▸ **What needs to be done**:
Keep the pictures out. Copy every line of the listing exactly.

▸ **Supplied data**:
= = =
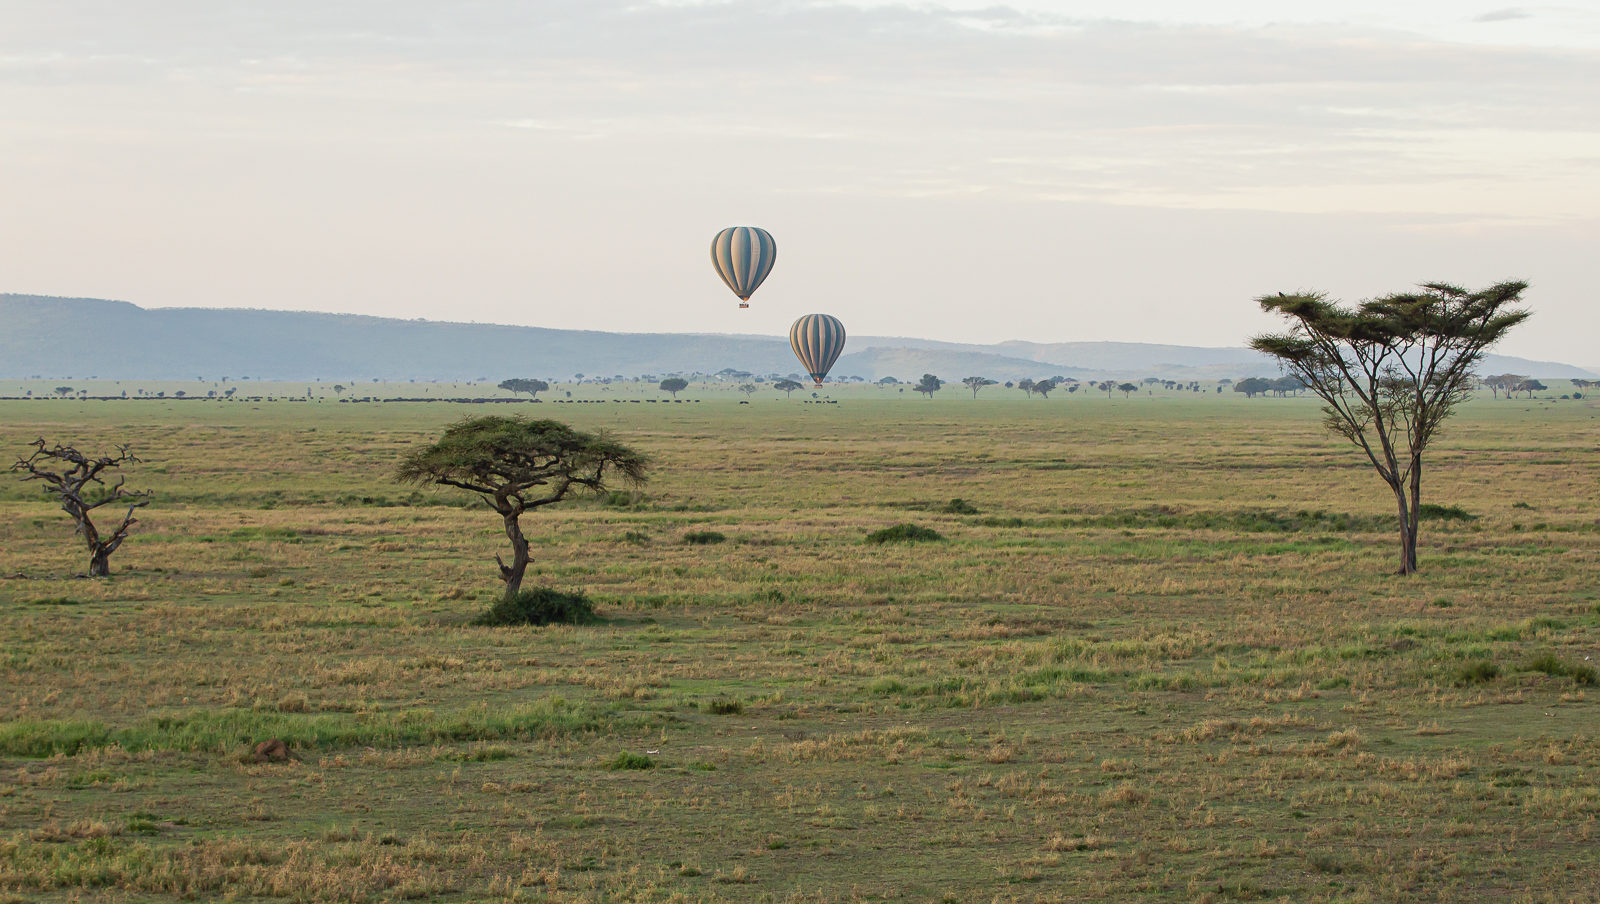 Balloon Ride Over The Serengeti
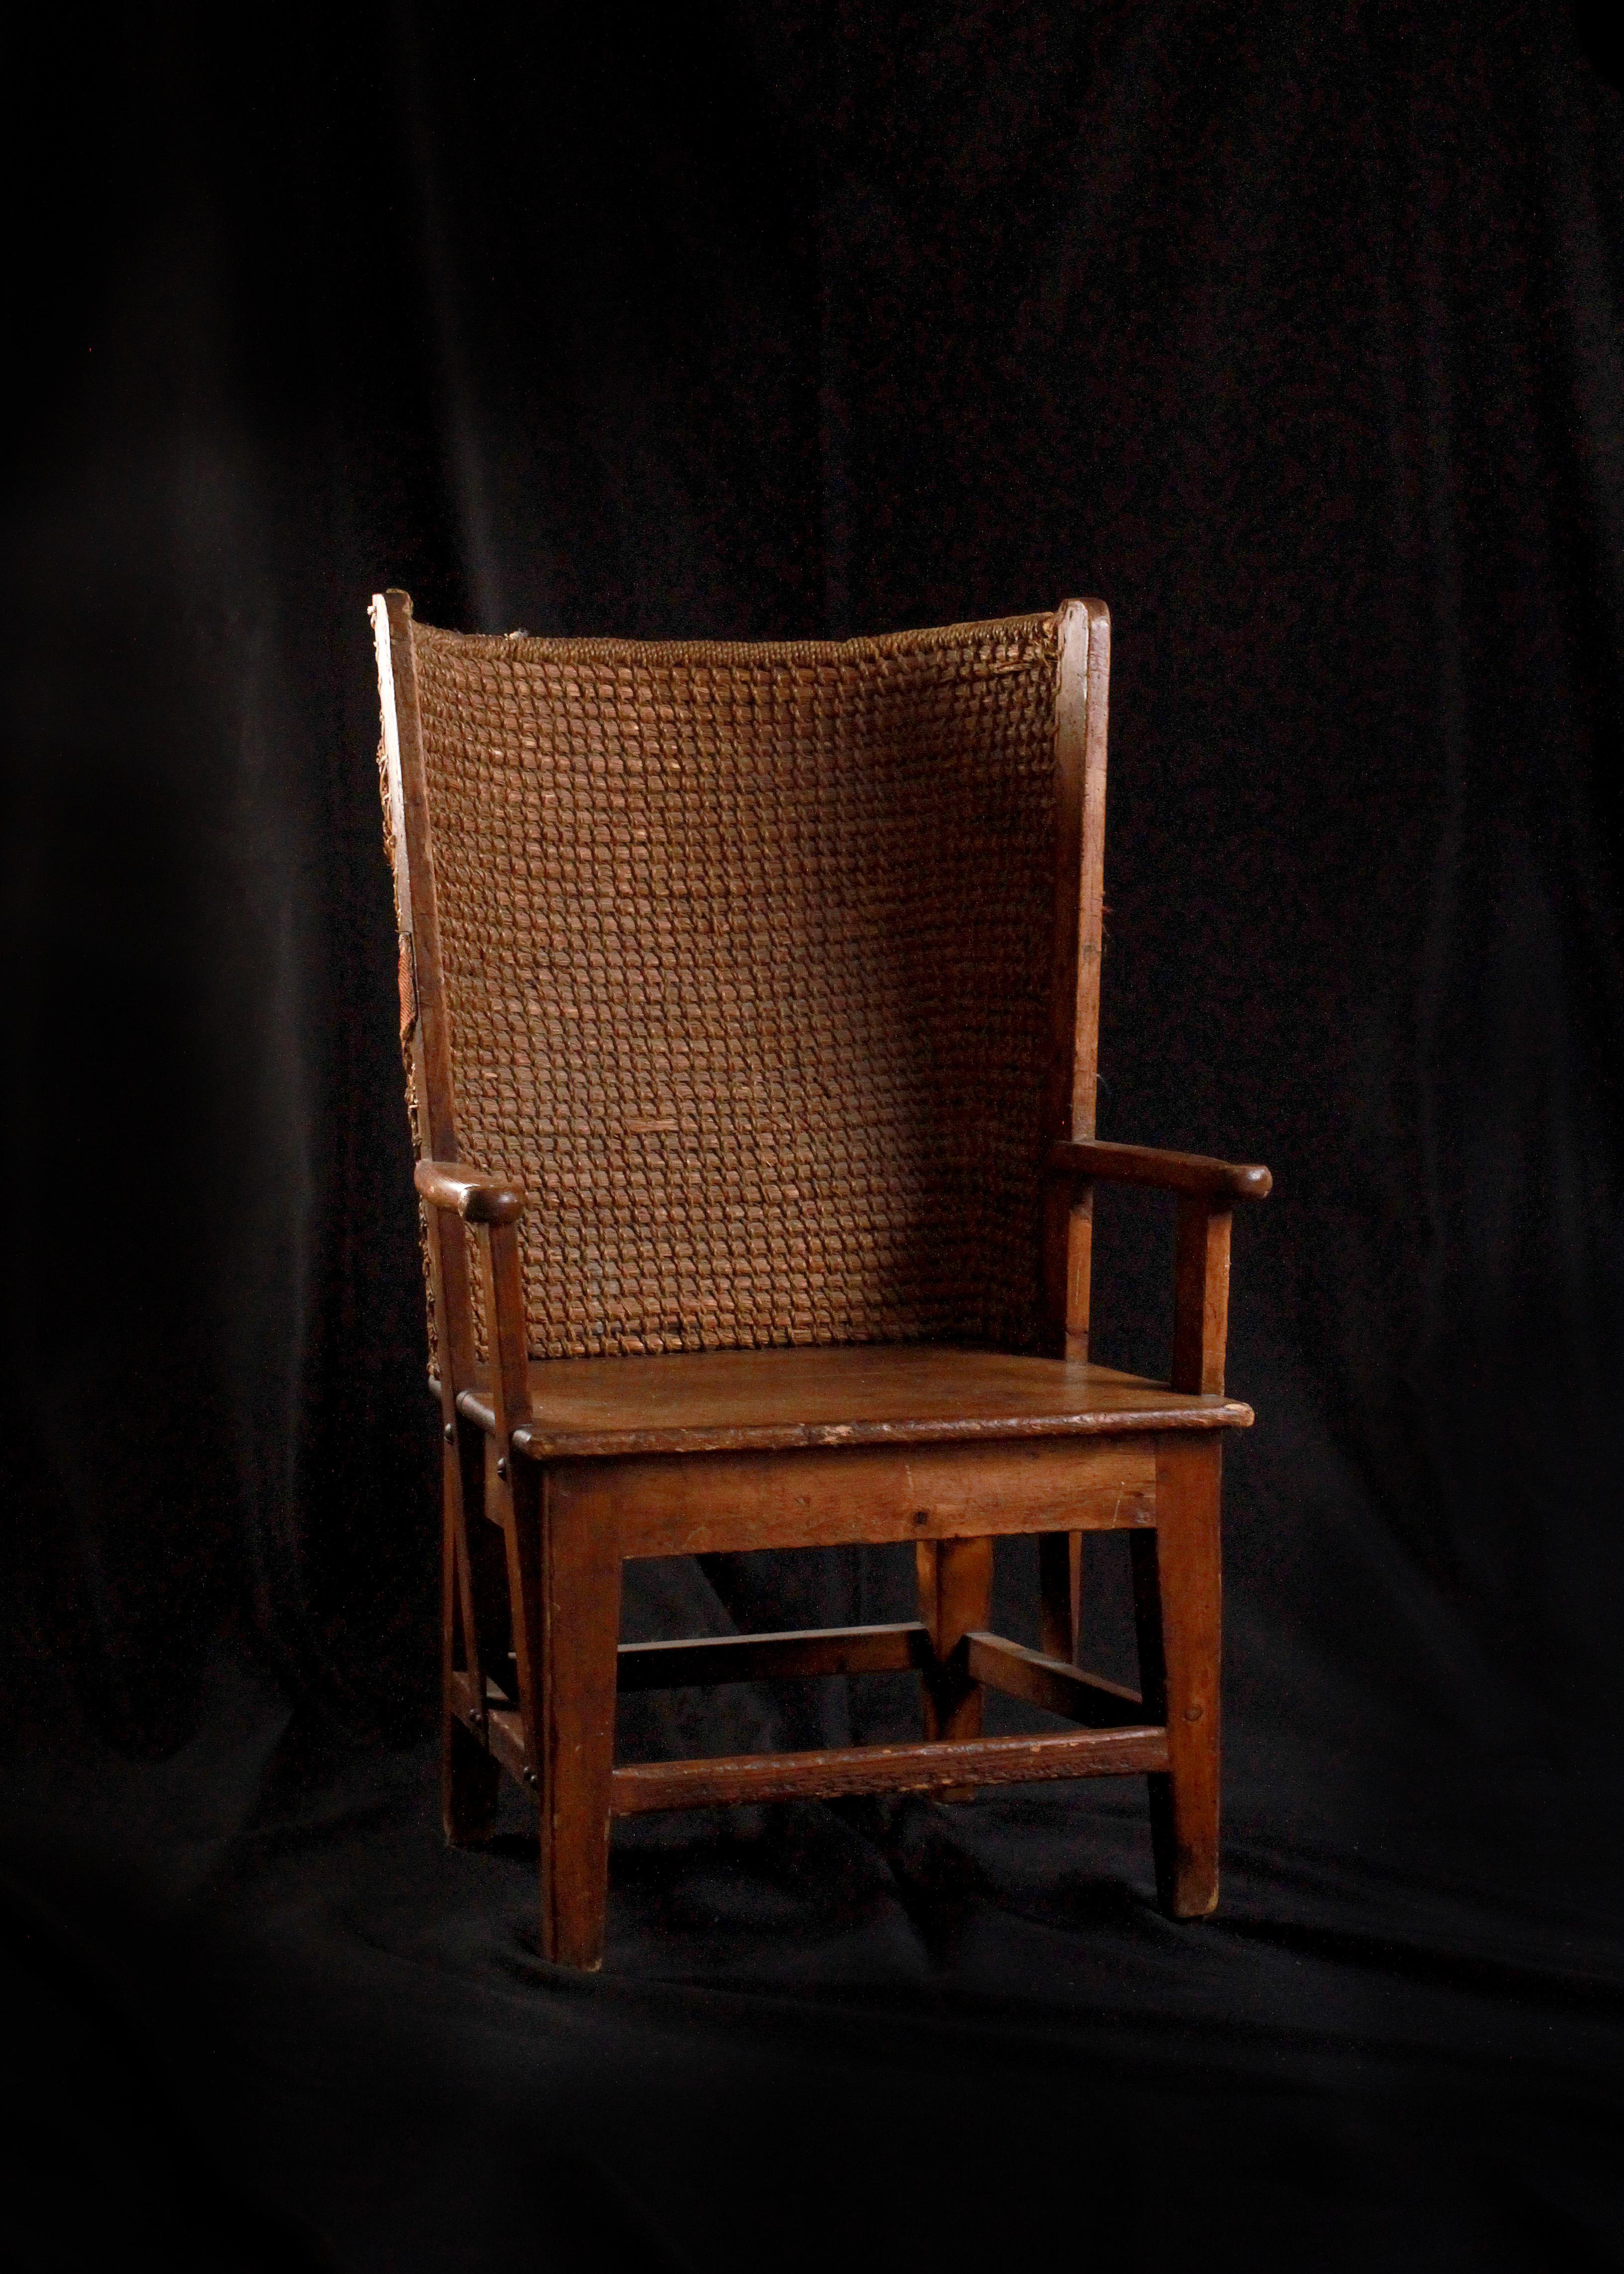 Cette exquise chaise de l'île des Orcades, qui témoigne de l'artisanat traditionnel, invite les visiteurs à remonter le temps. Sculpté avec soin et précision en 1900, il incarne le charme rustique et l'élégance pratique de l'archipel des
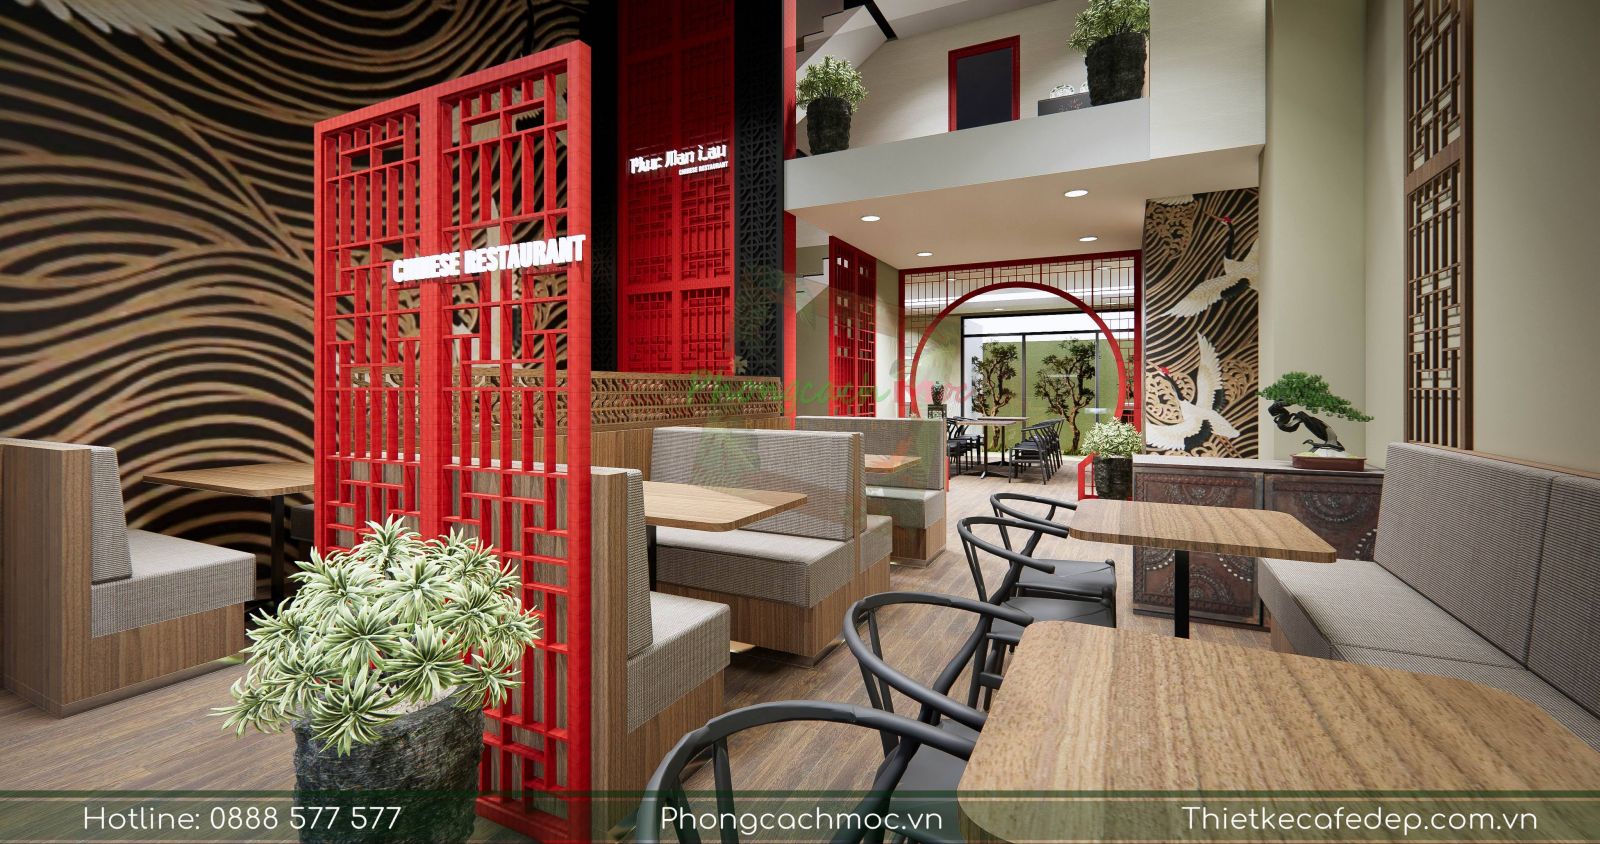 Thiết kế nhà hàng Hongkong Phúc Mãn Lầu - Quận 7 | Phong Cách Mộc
= = =
▸ **Task answer**:
 Balloon Ride Over The Serengeti
 Cette exquise chaise de l'île des Orcades, qui témoigne de l'artisanat traditionnel, invite les visiteurs à remonter le temps. Sculpté avec soin et précision en 1900, il incarne le charme rustique et l'élégance pratique de l'archipel des
 Thiết kế nhà hàng Hongkong Phúc Mãn Lầu - Quận 7 | Phong Cách Mộc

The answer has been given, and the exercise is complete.